Lymphocytic Interstitial Pneumonia

Introduction

Background

Lymphocytic interstitial pneumonia (LIP) is a syndrome of fever, cough, and dyspnea, with bibasilar pulmonary infiltrates consisting of dense interstitial accumulations of lymphocytes and plasma cells.

LIP may be associated with autoimmune and lymphoproliferative disorders, including rheumatoid arthritis, Hashimoto thyroiditis, myasthenia gravis, pernicious anemia, autoerythrocyte sensitization syndrome, chronic active hepatitis, common variable immunodeficiency, Sjögren syndrome, allogeneic bone marrow transplantation, lupus, and lymphoma. Pseudolymphoma represents a localized masslike variant of LIP.

LIP is also associated with infection via human immunodeficiency virus (HIV) type 1, Epstein-Barr virus, and human T-cell leukemia virus (HTLV) type 1.

Pathophysiology

Patients may have symptoms related to the above disorders.

HIV-related LIP may be part of a continuum of lymphocytic infiltrative disorders, such as pulmonary lymphoid hyperplasia in children and radiographically clear lymphocytic alveolitis in adults.

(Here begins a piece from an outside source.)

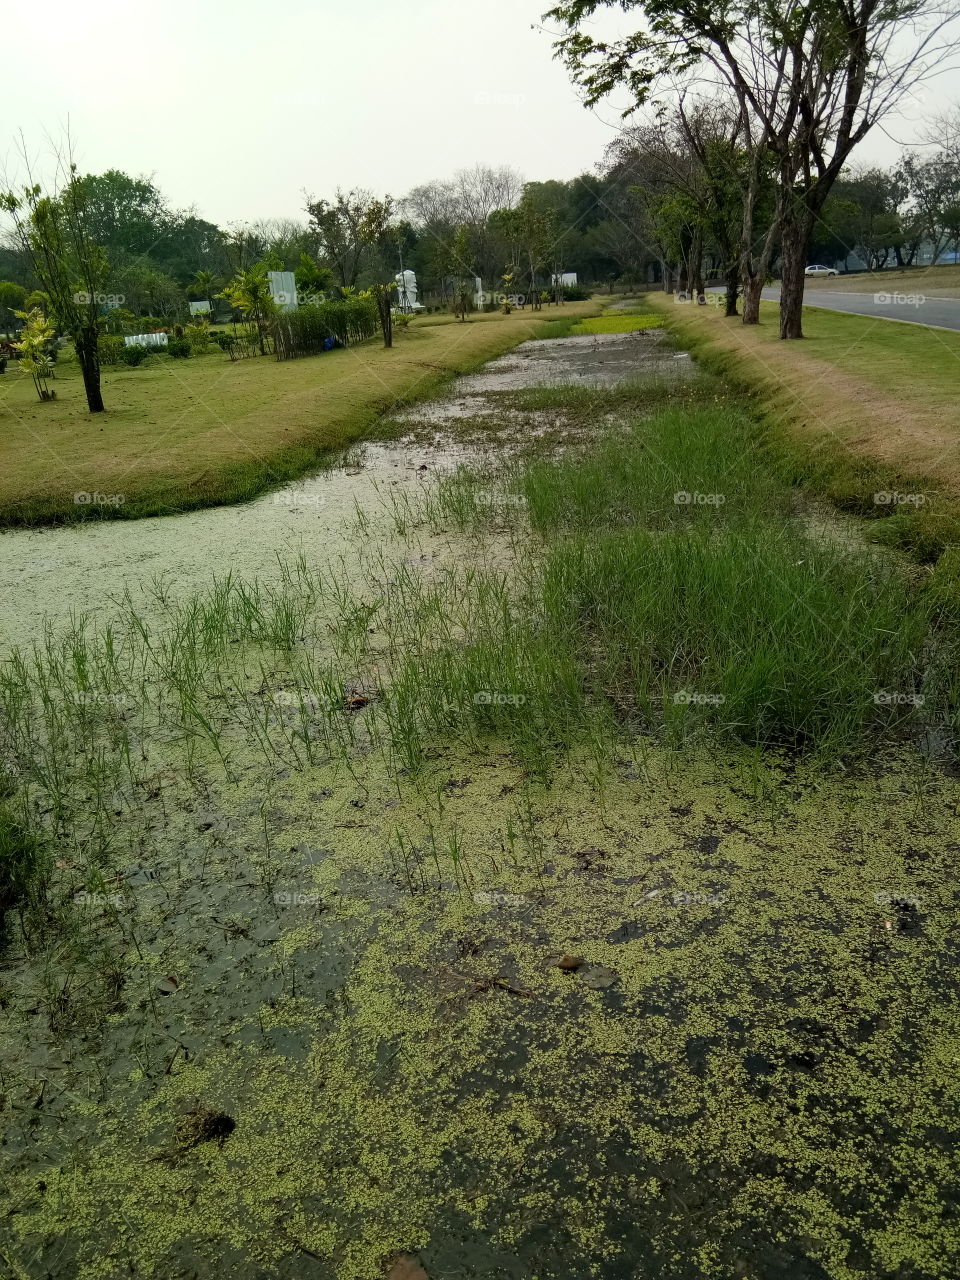 river
land 
grass
green

Patients positive for HLA-DR5 and HLA-DR6 alleles are predisposed to developing a diffuse visceral lymphocytosis syndrome with LIP.

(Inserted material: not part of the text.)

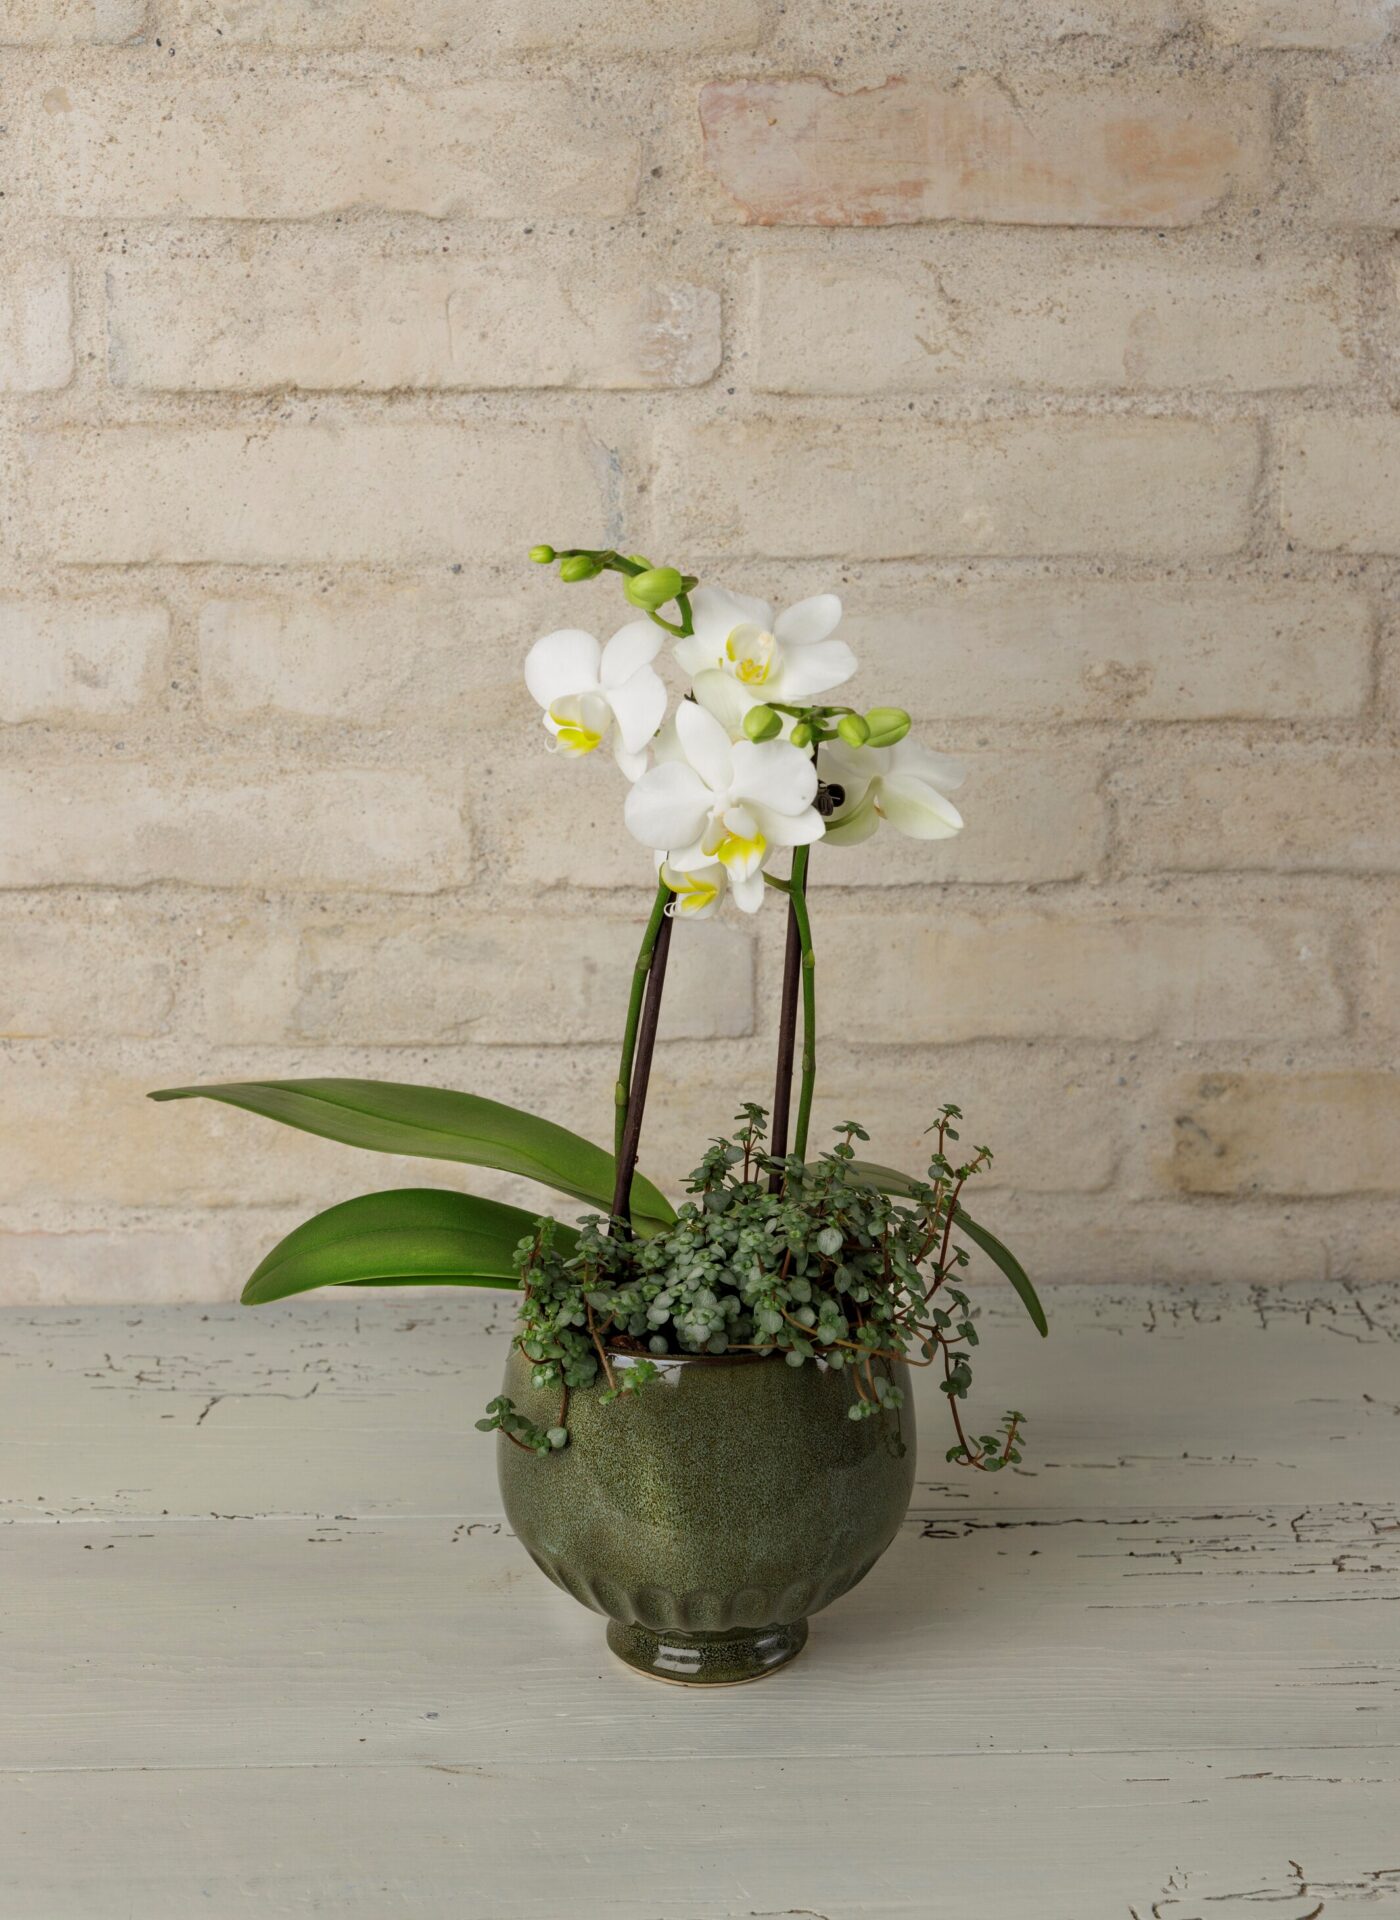 Orkide dekoration i grøn keramik

LIP has been reported to occur as part of immune reconstitution syndrome.

Frequency

United States

LIP is an uncommon disease. However, LIP is found in 22-75% of pediatric patients with HIV who have pulmonary disease. In contrast, among adult patients with HIV, LIP accounts for only 3% of HIV-related pulmonary pathology.

International

Small series have been reported in Europe, southwestern Japan, Africa, and the Caribbean basin.

Mortality/Morbidity

Mortality and morbidity data are inexact because of the lack of reported follow-up and the rarity of the disease.

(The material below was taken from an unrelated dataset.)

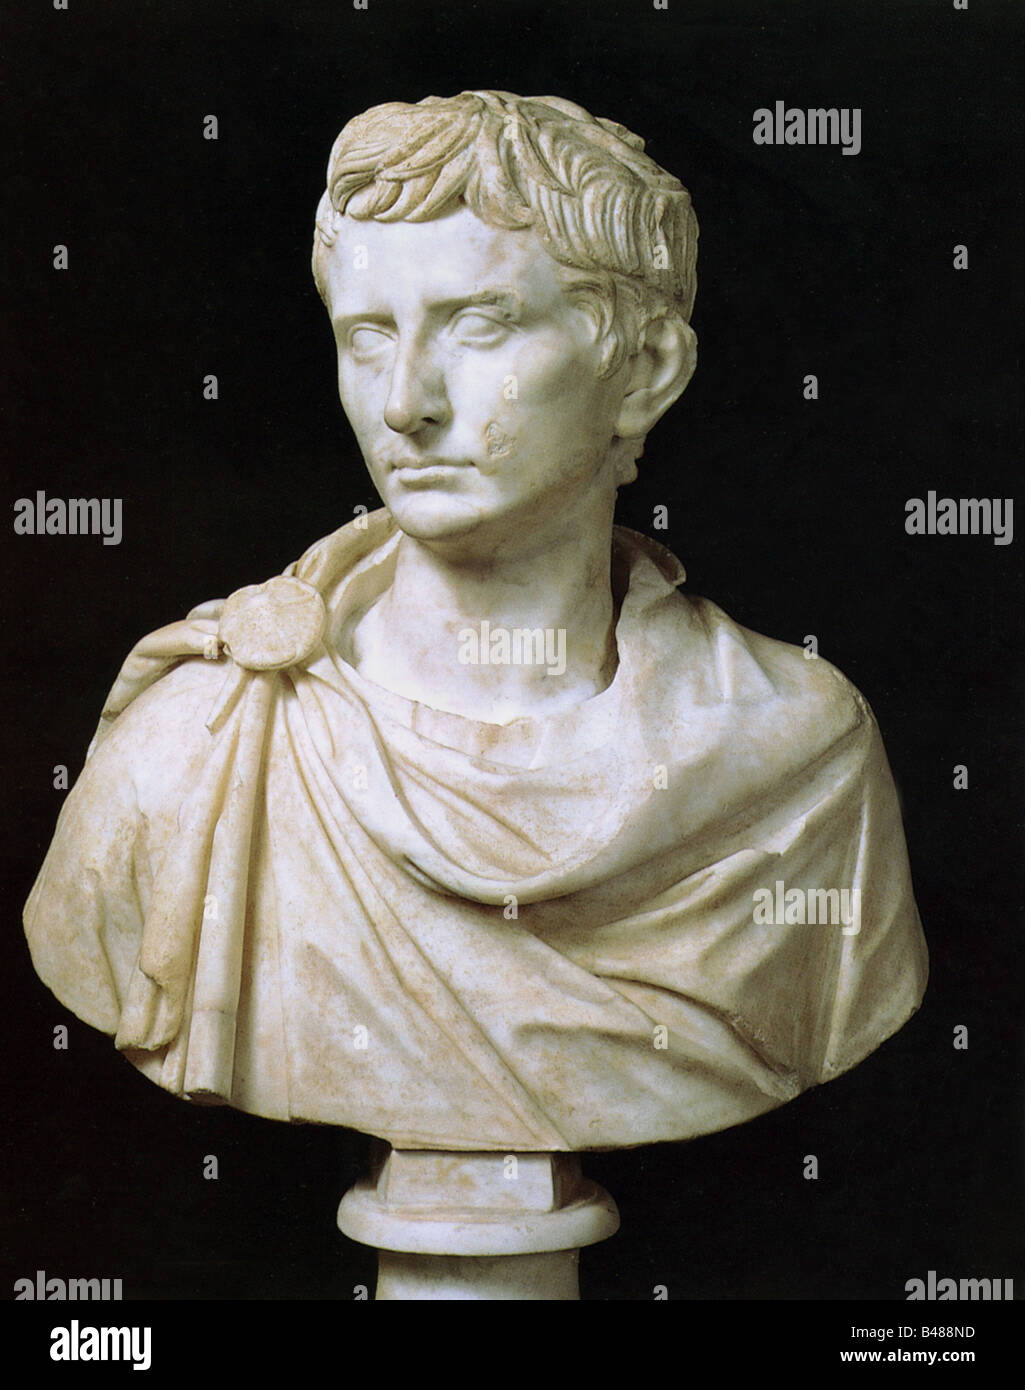 Augustus (Imperator Caesar Augustus), 23.9.63 v. Chr. - 19.8.14 n. Chr., römischer Kaiser 13.1.27 v. Chr. - 19.8.14 n. Chr., Porträt, Büste, Marmor, 36 cm, ca. 30 v. Chr., Museo Capitolino, Rom, Stockfoto

• In the population who does not have HIV infection, half the patients improve with treatment but relapse is common. End-stage fibrosis may follow despite treatment. In the past, high mortality was reported in older patients.
• Patients with HIV-associated LIP display slower decline in CD4⁺ T-cell counts and longer survival than individuals who have HIV infection but do not have LIP.
• Patients with HIV infection but not LIP generally respond to treatment.

Race

• LIP has been found in every race and HIV risk group. Whether racial or geographic predispositions are crucial remains unclear.
• Many reports describe HIV and HTLV type 1–associated LIP among individuals of African ancestry.³
• LIP appears to cluster in southwestern Japan, where HTLV type 1 is endemic.

Sex

• LIP is more common in women when not associated with HIV infection.
• HIV-associated sicca syndrome occurs most often in males.⁴

Age

• Most cases not associated with HIV occur in the fourth and seventh decades of life, at an average age of 56 years.
• LIP is common only in children with HIV. In children with HIV infection, LIP has been designated an AIDS-defining illness by the US Centers for Disease Control and Prevention.